Will a redirect fix this spider problem?

Hi,

The E-Commerce system we use on a site, uses a session ID, and for every website visitor, this session ID is turned on. We do not want it to be turned on (sessions) for any spiders, crawlers, bots,etc, because then the session ID turns up in search engines, and we can have the instance of two people visiting the site, both with the same session ID. It causes huge problems.

So, we have the PHP code modified to look for the "agent" name (slurp, msnbot, googlebot,etc), and if the agent name is recognised as a spider,etc, we don't allow sessions to be used. This mod to the code works perfectly, however some search engines are still revisiting the site and using 'old' referenced URL's with the session ID's in the URL.
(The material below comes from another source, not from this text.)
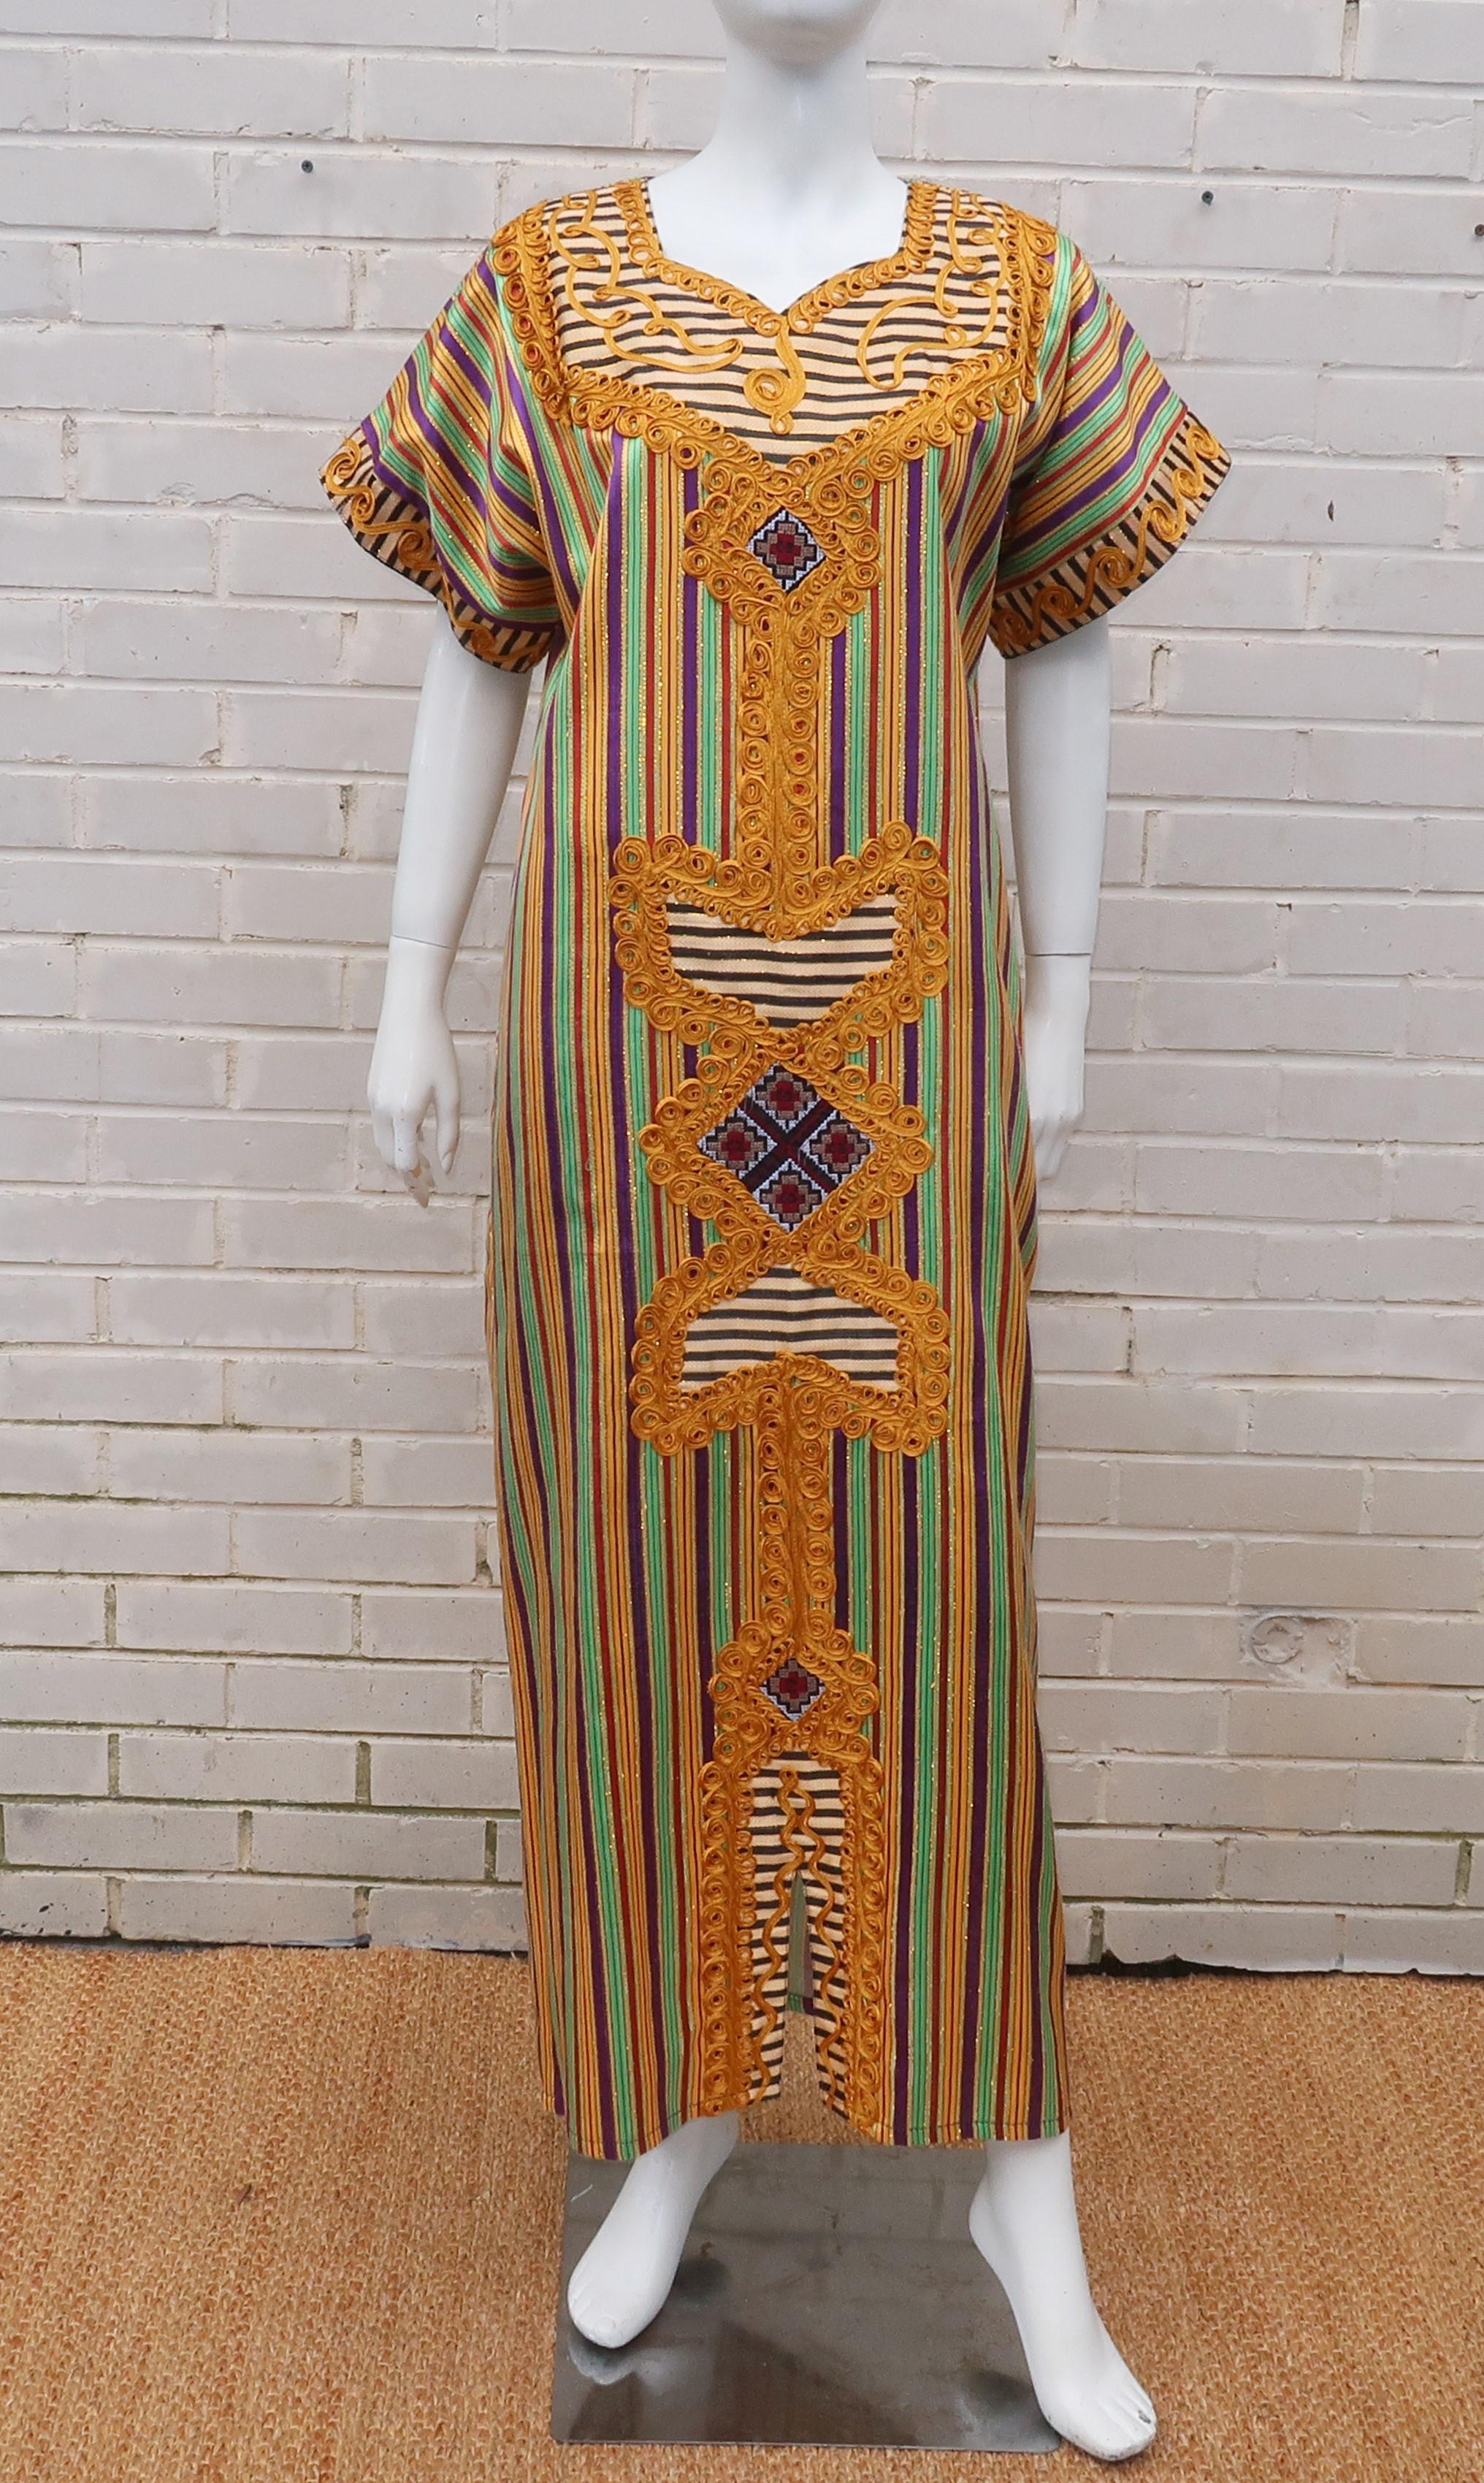 Relax like the Queen of the Nile in this exotic Egyptian caftan dress.  The rich heavy cotton fabric has a sateen finish in vibrant stripes of yellow, green, purple and red with gold metallic threading throughout.  The bib, front panel and sleeve

We have absolutely no control over what people or spiders send as the 'GET' though, hence the problem. Hoping that mod_rewrite will help this situation, we now have the (mod_rewrite) code to look for the "agent", and if it is either:

msnbot
slurp
googlebot
(there may be others?)

and they try and do this:

[example.com...]

the mod_rewrite will rewrite the url to be:

[example.com...]

Here is the mod_rewrite code:


RewriteEngine on
RewriteBase /
RewriteCond %{HTTP_USER_AGENT} ^(msnbot¦slurp¦googlebot) [NC]
RewriteCond %{QUERY_STRING} ^(.*)\&?sessionID=[a-zA-Z0-9]+\&?(.*)$
RewriteRule ^(.*) $1?%1%2 [R=301,L]

which I am told will re-write the URL as shown above, and apparently cause a '301' (redirect).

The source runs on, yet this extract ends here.